I ducked into the ladies toilet and gripped the counter top with shaking hands, my knuckles shone white through my skin. I couldn’t go back outside, not with Whittaker out there, biding his time until he could get me on my own again. I was a fool to think that he would just admit to Drew’s murder, a fool to think that my confrontation with him would have gone any other way than it had. My knees gave way beneath me and I sank onto the rank, thread bare carpet. I pulled my phone out of my pocket and flicked through my contacts with shaking fingers. Ring the police, you could have been raped the voice of reason in my head shouted at me, but I couldn’t, not yet. The police would have to wait until I could prove Whittaker killed Drew.

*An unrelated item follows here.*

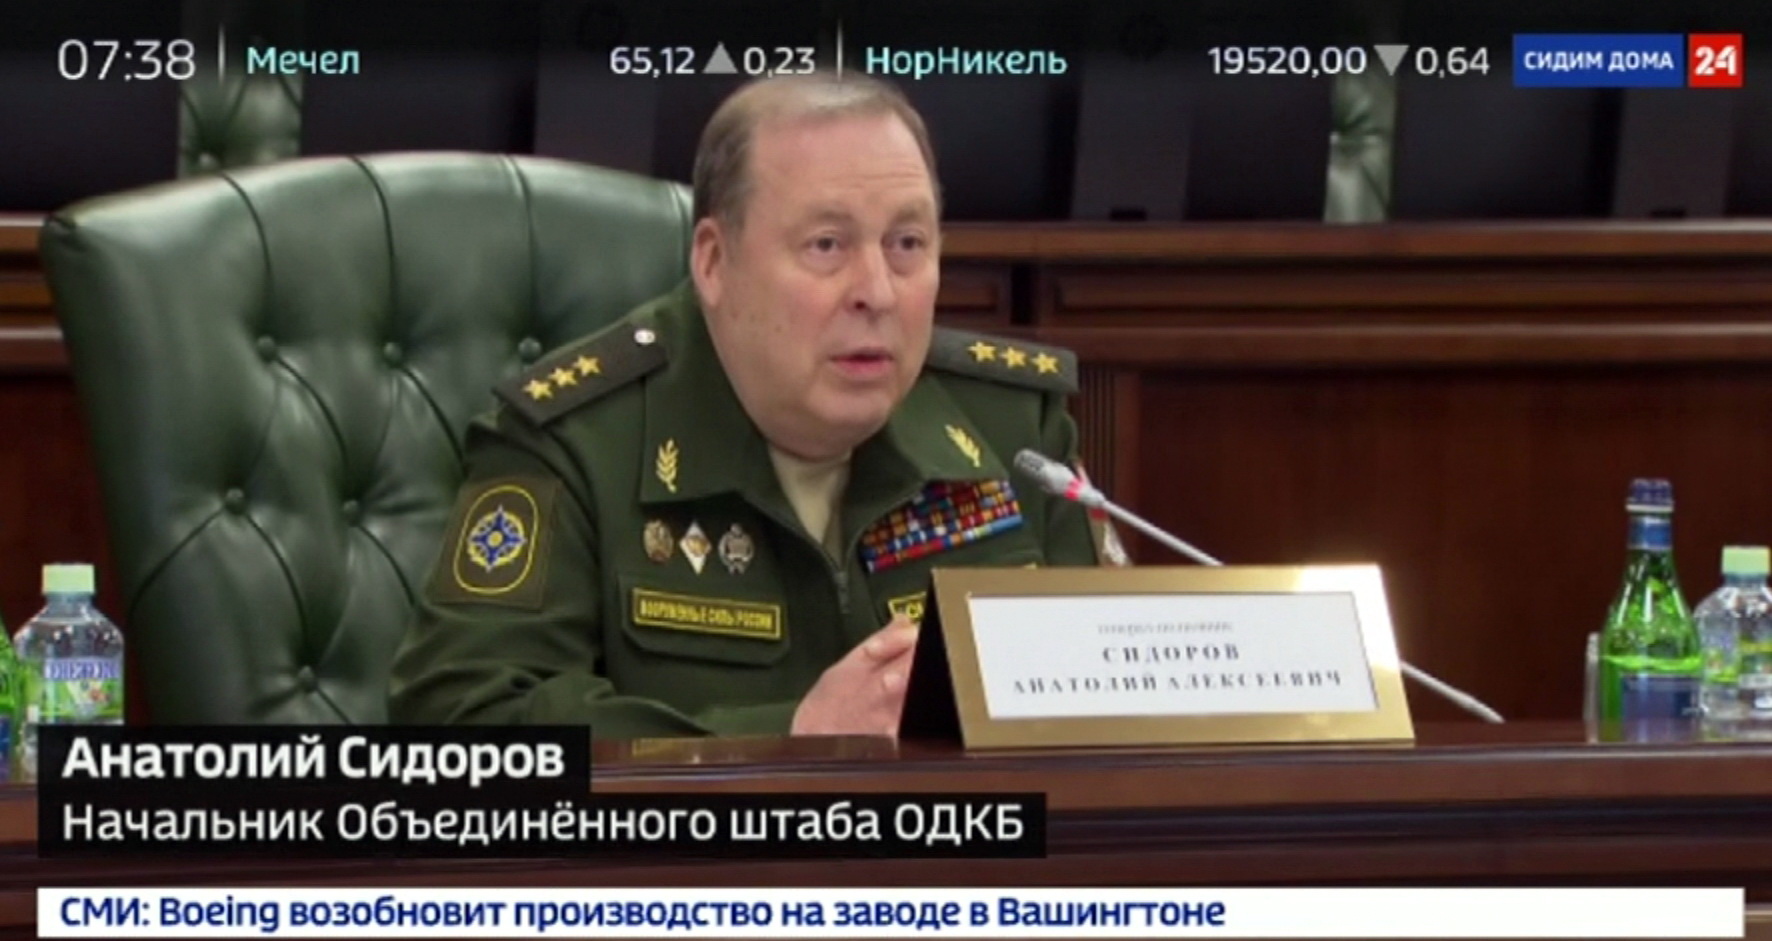 Сюжет телеканала «Россия 24»: Ведущие военные врачи стран ОДКБ обсудили борьбу с пандемией

“Beth?” The tinny voice in my ear brought me back from my black thoughts.

“Hi Dad, please can you come pick me up? Jess is staying out a bit longer but I don’t feel very well.”

It took a long time to calm my shaking body down. There was something seriously messed up about me, my priorities my and need for self-preservation were all the wrong way round. Any normal seventeen year old girl would be telling her parents and getting straight onto the police if a thirty odd year old man had attacked her, but not me.

Finally, when I had subdued the trembling to only one bone shaking jerk per minute, my eyes began to grow heavy as I went through my plan of attack for one final time. I’d go see Drew tomorrow. I’d tell him what had happened. Tell him that Whittaker had panicked for a split second when I had mentioned fifteen years ago and the railway bridge, but that split second was all I had needed. That split second had given Whittaker away.

The last thing I remembered before I shut my eyes was Whittaker’s sneering face pressed up close to mine and the sound of his voice as he had shouted that I would regret thinking I was better than him. My exhausted mind had tried to grasp at where I had heard someone say that before, but before I could get a proper hold on it my body did one last involuntary shudder before shutting down completely and falling into a deep, but fitful sleep.